The fifth stair step to the attic creaked beneath his foot just as it had those many years ago when, as a young boy, he had sought solitude in this upper chamber. Then, his purpose was to escape the constant harangues of his father and his daily “success” lectures. Now, the silence of death had come to his father and to the house. It filled the spaces and, save for the creaking interruption, sought the son as he climbed the attic stairs.
Little had changed since the man had last been there. Old family pictures stood stacked together, fading into the same oblivion as the moments they once captured. Fishing poles hung on the wall, tackle dangling like small memories on the lines of life. His school yearbooks lined a bookshelf, replete with yellowing markers his father had placed there, signifying pages that boasted his many awards and achievements. Tarnished trophies like bookend sentinels guarded them.
Turning away quickly, he was startled by a figure in front of him. He smiled as he reached out and touched the old dress form his mother had used many years ago. Even now, his heart raced as it had done so many times when he was young and had imagined it a headless monster woman. Once, satin and lace had adorned the form, fabrics his mother’s deft needle transformed into beautiful gowns that draped happy moments on the lives of women who bought them. Now, the form stood clad in rusty pins, dust and cobwebs, making him wonder what those women wore now.
He made his way slowly to his former place of refuge – a small chair tucked away in a corner where he had spent many hours silently contemplating the meaning of it all. He slapped the pillow seat, which protested with a puff of dust. Lowering himself into the chair, he noticed how small it seemed now, when once its arms had afforded him comfort with room to spare. Immediately, his thoughts reverted to those of 25 years ago. What did his father expect of him? What was enough? Could he ever please him?
Even now, the questions provoked him to well up, but he resolved not to cry. His fingers smoothed the worn and fraying velvet arms, their covering etched with stains, much like the tears, which had punctuated his life during those moments of refuge long ago. His eyes fell on the large scrapbook resting by the chair. He thought it just like his father to place it there, knowing he would find it. It was a monument his father had kept of his past – a testimony of what his father had prodded him to be.
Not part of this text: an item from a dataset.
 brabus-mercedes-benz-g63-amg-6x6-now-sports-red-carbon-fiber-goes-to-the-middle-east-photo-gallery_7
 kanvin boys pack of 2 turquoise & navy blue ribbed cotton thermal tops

Now, he was free of both the prodding and the scrapbook keeper. He turned the pages filled with colored ribbons and certificates, carefully mounted and dated. His father’s voice seemed to emanate from each page. Aren’t you pleased with yourself? Don’t you see how happy you are when you do your best?
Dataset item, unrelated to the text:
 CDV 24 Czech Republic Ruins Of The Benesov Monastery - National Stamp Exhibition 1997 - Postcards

He answered to the emptiness, “Did this one make you happy, dad? Or, was it this one? Which one made me good enough in your eyes?”
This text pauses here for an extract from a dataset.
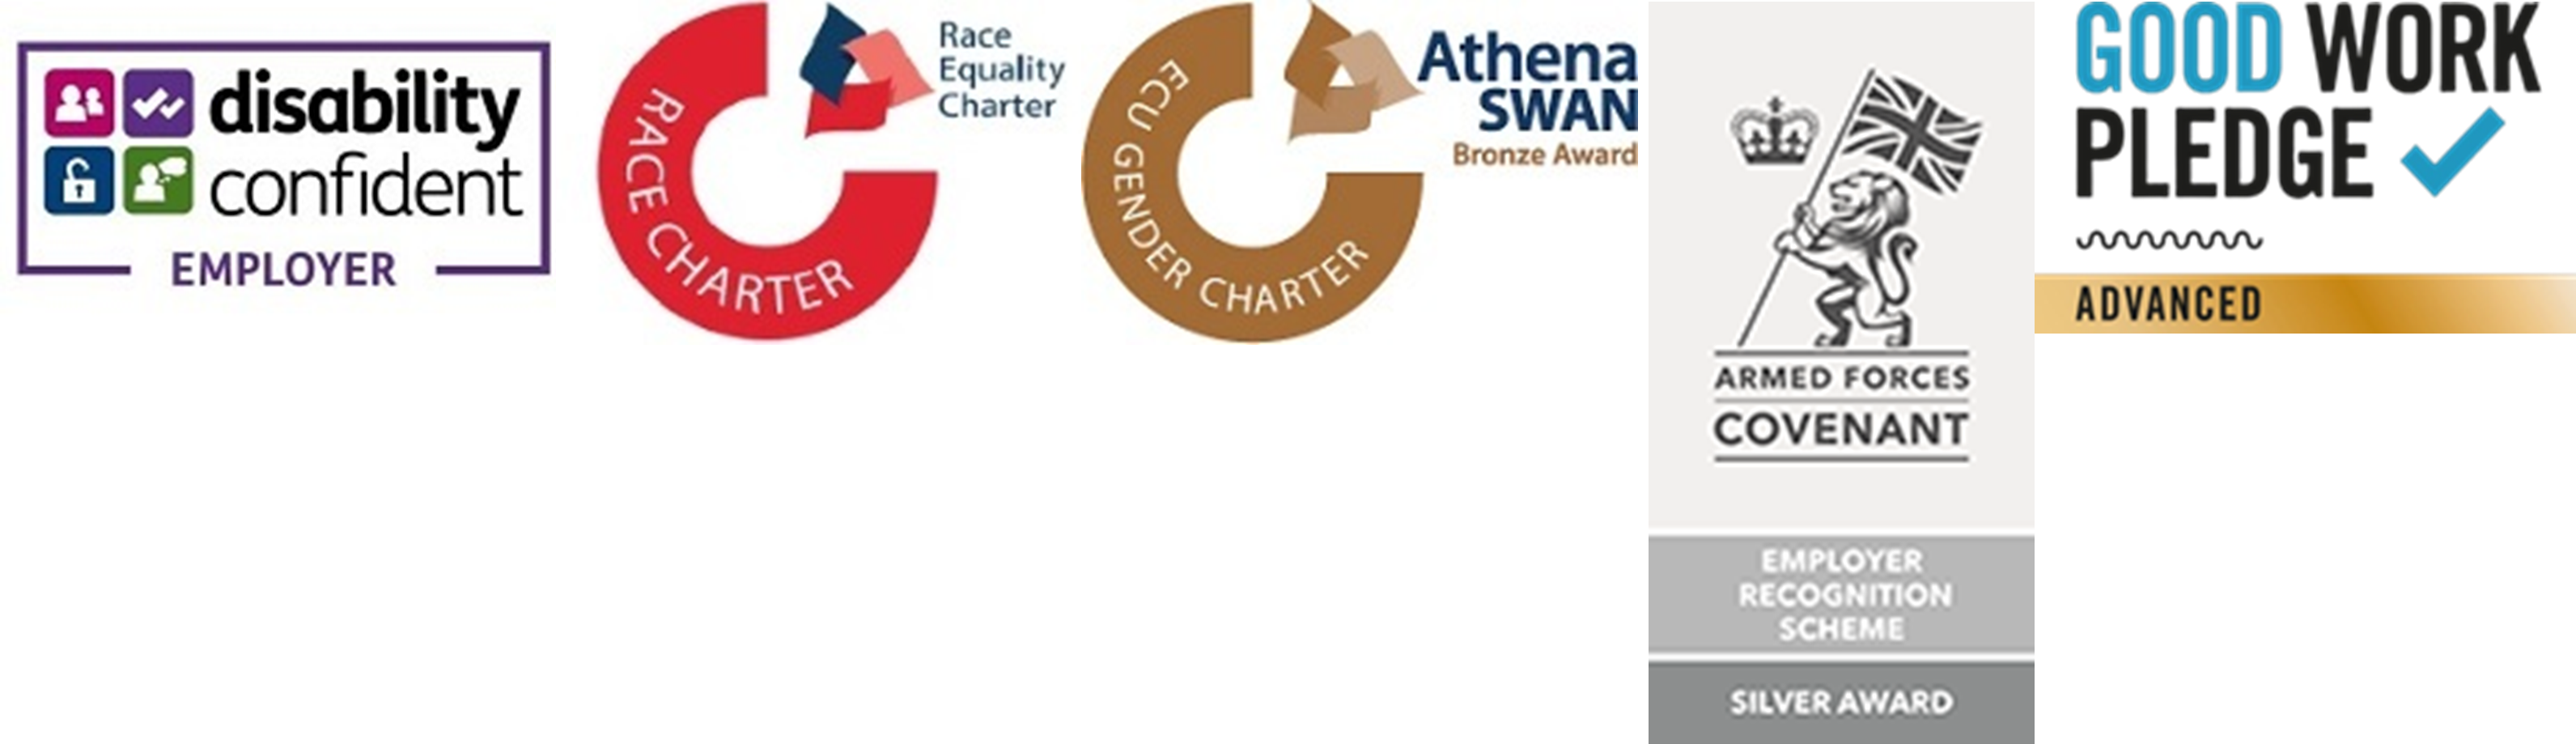 Disability Confident Employer Logo, Good Work Pledge Advanced Logo, Race Equality Charter Logo, Athena Swan Bronze Award EUC Gender Charter Logo and Armed Forces Covenant

The cleansing flood of tears came without reproach. Through them, he spoke to the scrapbook keeper, “Dad, I forgive you. I know you only wanted what you thought would make me happy.”
The creaking of the attic stair broke his reverie and the small voice of the intruder floated up to him.
“Dad, where are you?”
“Here, son.” The man quickly wiped his eyes. “Got some dust in my eye.”
“Dad? It’s creepy up here. Is this all grandpa’s stuff? Whoa! Is that the headless woman you told me about? Wow! Are all these trophies yours?”
“Hold on, son. One question at a time.”
“Hey, is that your scrapbook? Wow, look at all these ribbons – you must have been the best at everything!”
“I tried to do things well to please my father.”
“Well, you must have succeeded – look at all these things he kept. Will you keep a scrapbook of all the ribbons I win for you?”
The man lifted his son’s chin and gazed steadily into his eyes, “Son, you never need win a single ribbon or trophy to please me. It’s not the things you do that make me happy. I am happy because you are you and because you are my son. If we keep each other in our hearts, that will be the only scrapbook we’ll ever need keep.”